Devotionals

A Conversation Gone Awry

The woman said to him, “Sir, give me this water so that I won’t get thirsty and have to keep coming here to draw water.” John 4:15

Have you ever been in a meeting with a group of people, and the topic you wanted to talk about never gets brought up? Instead, the other people keep sidestepping it by talking about everything else. You have certain questions you need answered or problems that need solutions. But instead of getting any work done, the group talks about food or the weather or the latest controversies in the news.

That is how reading this dialogue between Jesus and the woman at the well feels. As readers, we know who Jesus is, and we want to see this scene explode with his marvelous glory. But what really happens is a conversation with a woman who would rather talk about anything else than what Jesus wants to talk about. She tries to throw him off track by bringing up a controversial and somewhat political matter. She is also striving to find safe, neutral ground rather than letting Jesus take the lead.

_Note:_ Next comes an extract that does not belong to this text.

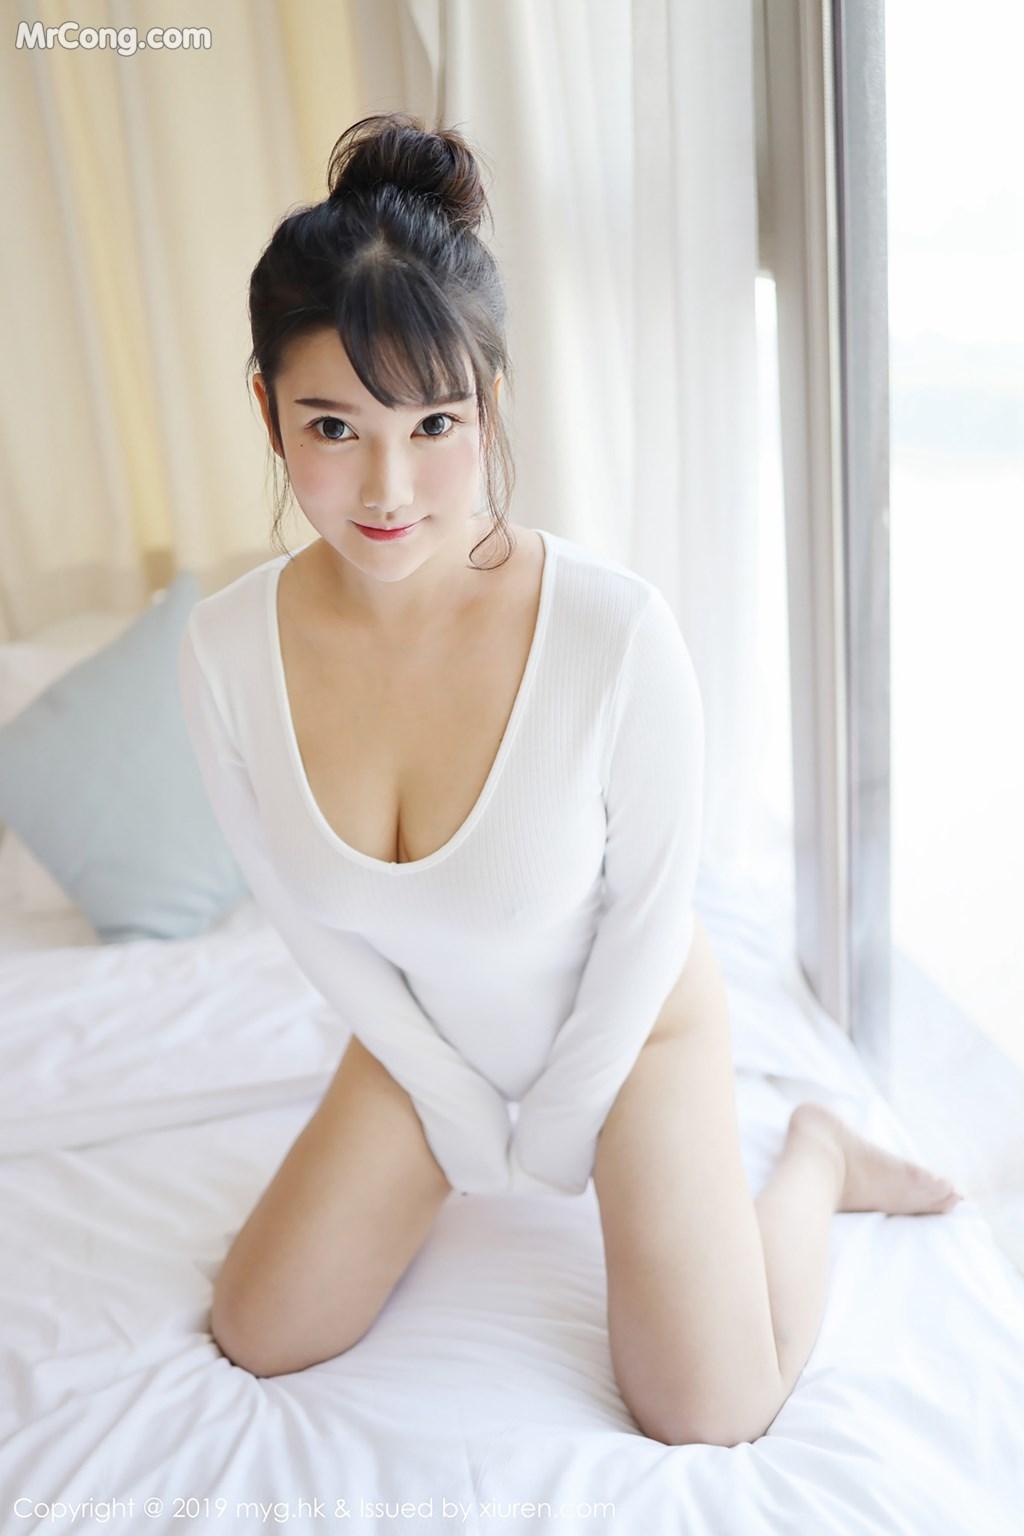 Image MyGirl-Vol.342-Xiao-You-Nai-MrCong.com-001 in post MyGirl Vol.342: Người mẫu Xiao You Nai (小尤奈) (41 ảnh)

Jesus doesn’t try to get the conversation back on track but uses the opportunity to teach her about who he is. Eventually, the woman starts to catch on and she says, “When the Messiah comes, he will explain everything to us.” Jesus then reveals his true identity by saying, “I am he.” This means, “I Am is the one speaking to you.” It’s the term God uses for himself when speaking to Moses from the burning bush. “I Am.”

“Give me this water so I won’t get thirsty and have to keep coming here,” the woman requests of Jesus. She is thinking of the household task of drawing water every day. Jesus is thinking of the deeper matters in her life that had isolated her in the first place so that she must come to the well at a time when no one else did.

She doesn’t want to talk about the inappropriate relationships. They are too disappointing and too shameful. It was much safer to keep the conversation on the well. But Jesus wants her to understand that the water he offers her will heal her of everything that happened in her past. She must first come to terms with who he is, then agree with him about the truth of her life, otherwise called repentance. When we agree with God about the things we’ve done and the choices we’ve made, we can see our lives for what they really are and then take the steps to make changes. Then, like the woman at the well, we can be free from sin. The river of cleansing that Jesus offers will flow into us as soon as we start to confess.

In this disjointed conversation with the Samaritan woman, Jesus seizes the opportunity to talk about the nature of God and of the worship he deserves. True worship, according to Jesus, is defined by our relationship to God. We adore a person, not a philosophy or idol set up in his place. We express praise, gratitude, and love to a real, live person.

The twists and turns of this dialogue between Jesus and the Samaritan woman cover a lot of ground. How do the topics of life-giving water, repentance, and worship relate? It begins with the presence of God. He appeared that day in Samaria, near Mount Gerizim, in the form of the human Jesus. He invited a woman into conversation with the goal of helping her see her life accurately so that she might make changes. When the repentance and confession was completed, she was then released from sin and able to worship God in a proper way.

The presence of God invites repentance which in turn invites worship. We see what God has done for us and then our hearts respond with outpourings of love and gratitude. This happened in the woman’s life when she left her water jar and went back to town to invite her neighbors to come and see Jesus. She took action as a result of having been in God’s presence.

We can follow the same pattern in our own lives. At some point, we encounter the presence of God because he is searching for us, the lost sheep. “While we were still sinners, Christ died for us,” Romans says. Then God helps us see, by the gentle power of the Holy Spirit, what our lives are really like. We make changes by confessing and allowing him to wash us clean. We are released from sin and free to take action, to move in faith as a result of being in God’s presence. This can happen when we first become a Christian, and also every day of our lives as we grow in relationship with him, praising, serving, and loving him with our worship.